New Study Paves Way for Treating Second Eye in Gene Therapy Clinical Trial

All 12 participants in the gene therapy clinical trial for Leber congenital amaurosis (LCA) at the Children’s Hospital of Philadelphia (CHOP) have been so delighted with the vision restoration from treatment to one eye, they have been anxiously awaiting the go-ahead to have their second eye treated. Thanks to results from a Foundation-funded lab study in large animals, that will likely happen soon.

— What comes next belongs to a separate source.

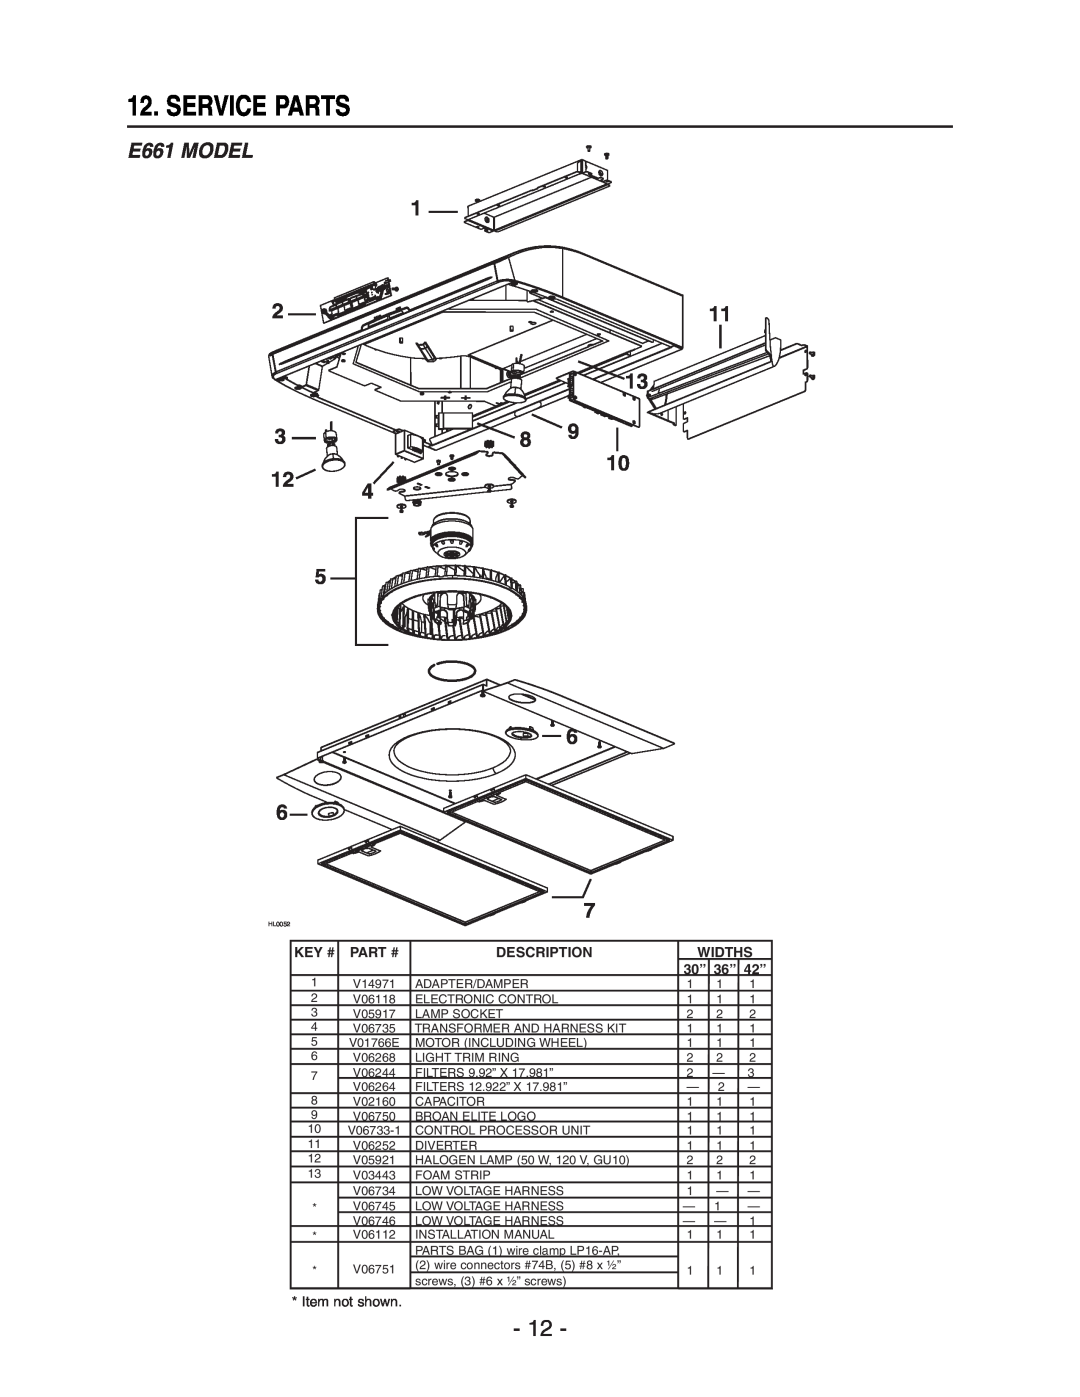 Broan manual Service Parts, E661 MODEL, 2 3 12, Key #, Part #, Description, Widths, 30” 36” 42”

Drs. Al Maguire, Katherine High, and Jean Bennett, lead investigators on the CHOP trial team, recently conducted a large animal study confirming that treatment of a second eye with gene therapy is both safe and effective. The research team noted that the immune response in the second eye — one of the key outcomes to be monitored and analyzed — was minimal. Results of the study are being presented to the FDA to gain final approval for the potential treatment of the second eye in CHOP clinical trial participants.

Dr. Bennett notes, “Each one of our clinical trial subjects has asked if their second (previously best-seeing) eye can be treated with gene therapy as their initially treated eye is now their best-seeing eye. The results from our animal study show that administration to the second eye is safe and can result in efficacy that is stable. So far, what we have seen in large animals has been predictive in humans.”

“This is great news,” says Dr. Stephen Rose, chief research officer, Foundation Fighting Blindness. “Safety in human studies is paramount. For this clinical trial, we needed to confirm that there was no detrimental immune response with a second treatment.”

Thanks to this study’s results which provide a better understanding of the therapy’s immunological effects, people who were initially excluded from the original trial due to an immune response to the treatment may be eligible to participate. The study revealed that the immune response did not affect the health of the eye nor did it impact the effectiveness of the treatment.

Results of the study were published in the March 3, 2010 online version of the journal Science Translational Medicine.

The first person in the CHOP gene therapy clinical trial was treated in October 2007. All 12 participants in the CHOP study have demonstrated significant and stable vision restoration. The youngest participant is now nine-years old and was able to put away his white cane after treatment.